As for it being worth a go, that's purely subjective. From my point of view, it isn't but I am well aware that not everyone shares that POV.


----------



## slatron25 (Dec 18, 2007)

I've only done the one so far and I am like you in that I didn't particularly find it enjoyable either. I wonder if having one the high dollar, high speed, comfortable in your hand, doesn't fight you at every turn gizmos would help. 

At the same time I'm sitting here contemplating a piece which will need to at least be carved if not pierced so will I do it again? Probably. Will I like? The jury is still out.


----------



## phinds (Mar 25, 2009)

slatron25 said:


> ... I wonder if having one the high dollar, high speed, comfortable in your hand, doesn't fight you at every turn gizmos would help.

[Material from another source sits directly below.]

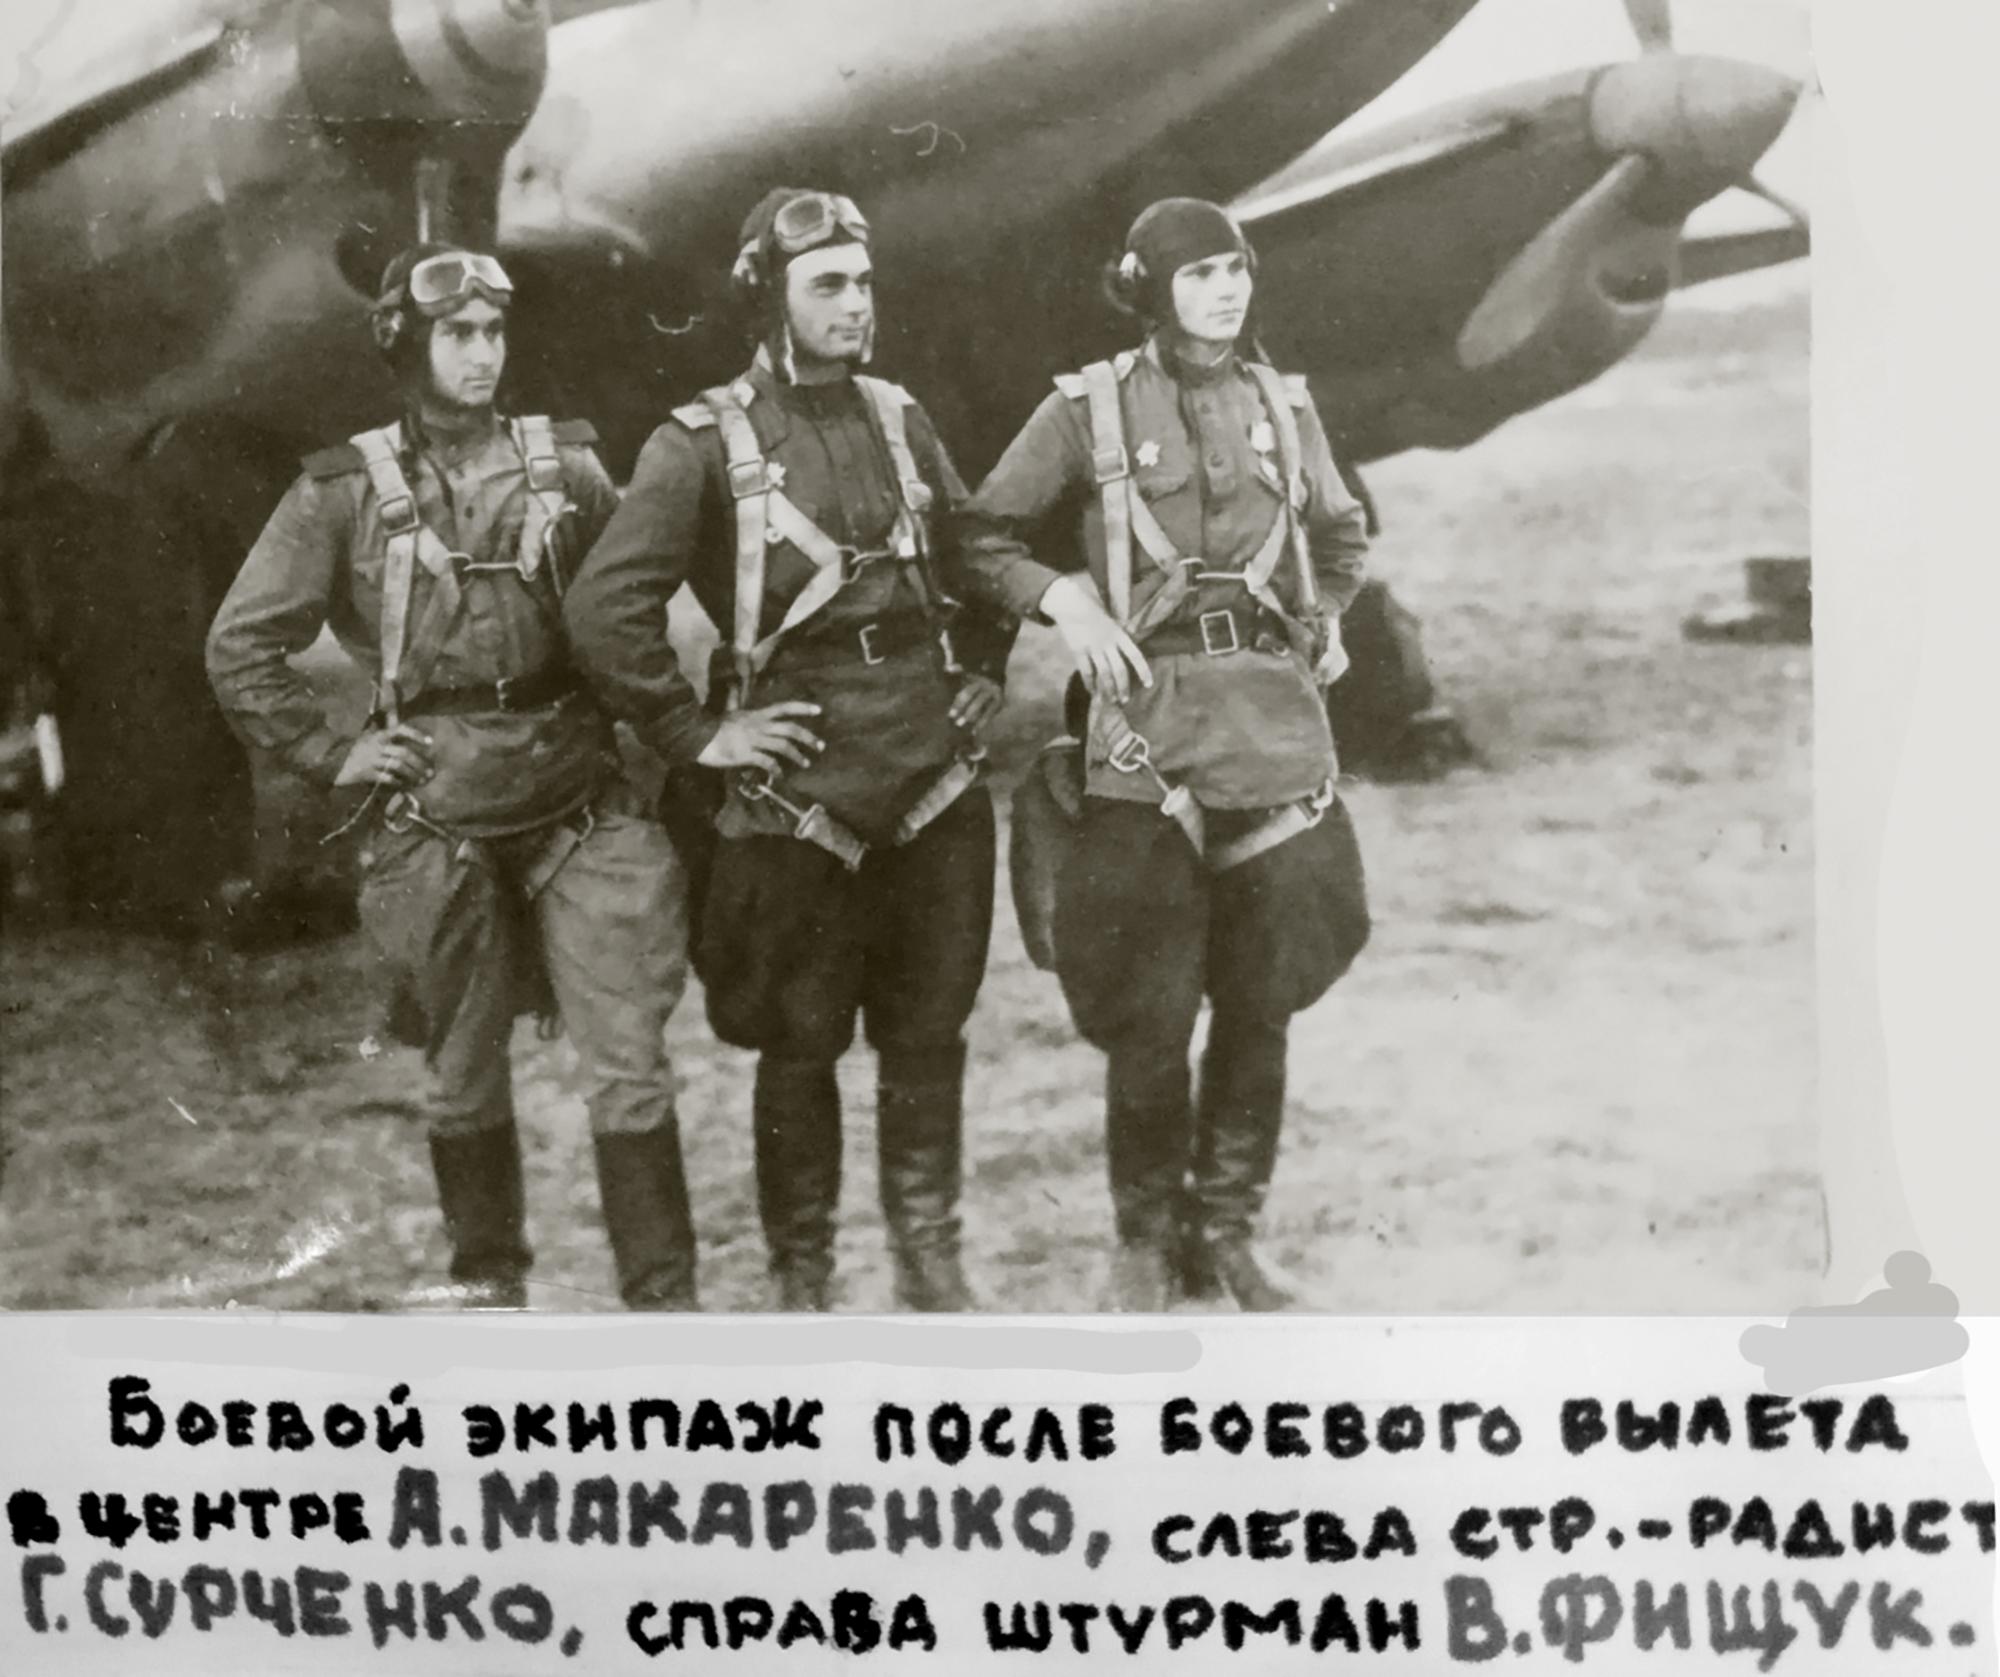 Aircrew Soviet 160GvBAP with G Surchenko,A Makarenko and V Fishchuk 01

What's that you are referring to? I want to at least check it out.


----------



## slatron25 (Dec 18, 2007)

One of these.


----------



## phinds (Mar 25, 2009)

slatron25 said:


> One of these.


Thanks. Looks like a big step up from the relatively unweildy Dremel tool, but that's WAY too many bucks for me.


----------



## Robocop52 (Jul 25, 2011)

I do some pierced pieces, but find it hard work. I was at a demo recently and Mick Handbury did some pierced pieces real easy, he said that the higher the rpm on your cutting tool the better, i thought mine was a good one up until now! Just like sharp tools make a turning enjoyable so a cutter with very high rpm makes piercing enjoyable. Im goin to sho for a better Dremel type machine.Wonder if i could cut a deal with my Dentist, he could use the dentist drill at day and i use it at night and weekends :laughing:

Gus


----------



## wildwood (Jan 25, 2011)

“Yes, as I said I have seen lots of them on the internet.”

Reason for link people see some good, not so good and excellent examples. Not all examples of pierced turning by individuals and turning clubs web sites listed on Google images. Would take weeks to compile a complete list.

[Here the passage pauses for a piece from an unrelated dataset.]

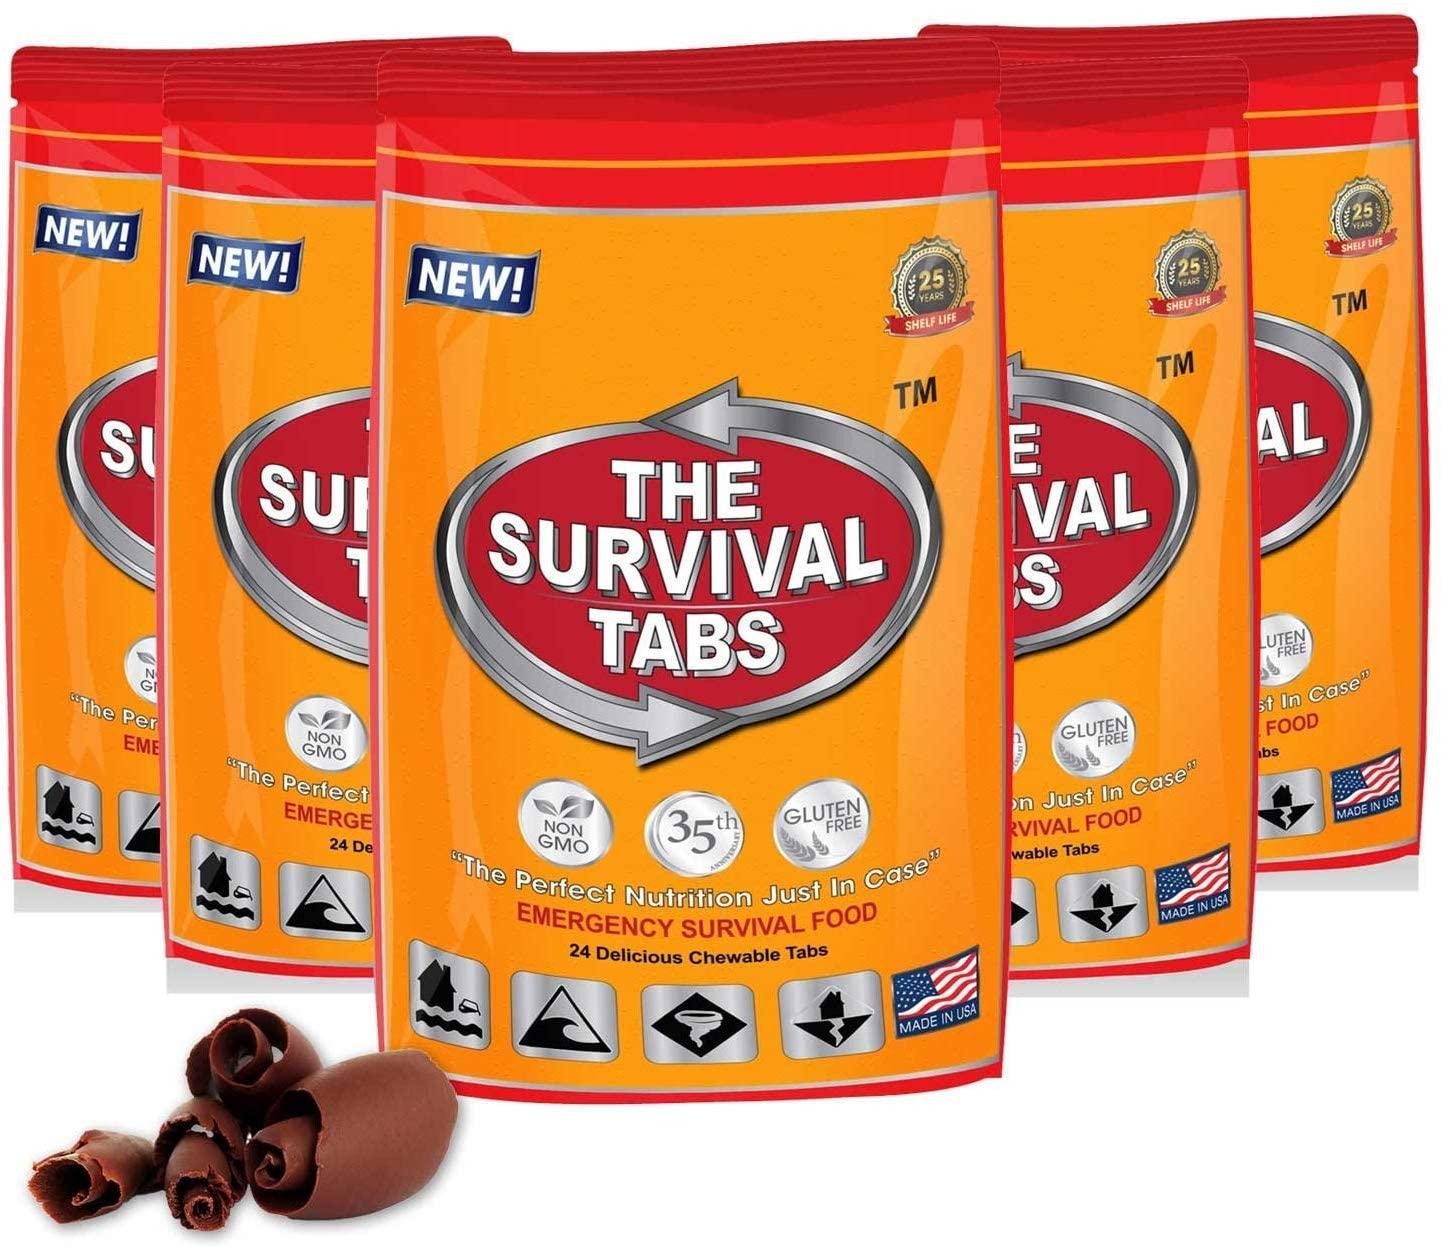 Five packs of The Survival Tabs emergency food supply chocolate tabs

“Uh, you're not agreeing with ME. What I said was that I think it would be "well under 10%". Do you really think it's that many (10%)? You absolutely could be right, but it would surprize me.”

Why should I agree with you, turners have different aspirations and approaches to new challenges? I cannot tell you how many men and women have tried their hand at pierced turnings over the eons turning wood has been around. People that tried their hand at piercing probably higher than 10%. People that can sell their pierced turning worldwide probably 10%. 

People that actually sell everything they turn may well be below 10% worldwide. Most professional make more money from teaching, demonstrating, writing, and selling turning products than turning out put. 

“As for it being worth a go, that's purely subjective. From my point of view, it isn't but I am well aware that not everyone shares that POV.”

You have one pierced bowl under your belt and do not want to do another. Okay that is fine. 

For years considered pens turning a waste of time until tried it. First couple Slimline pens had me thinking boy making pens idiot proof. Really shocked when Murphy’s Law struck and humbled me. Murphy’s Law did not stop me from learning from mistakes and turning more sophisticated pen kits. 

Just got back into doing some spiral work and re-learning lesson somehow forgot about.

So when get into pierced turnings, want good form turned thin in which to start with. Pretty sure Murphy’s Law may slow me down some, but after couple mistakes will be outstanding.


----------



## wildwood (Jan 25, 2011)

sorry for duplicate post


----------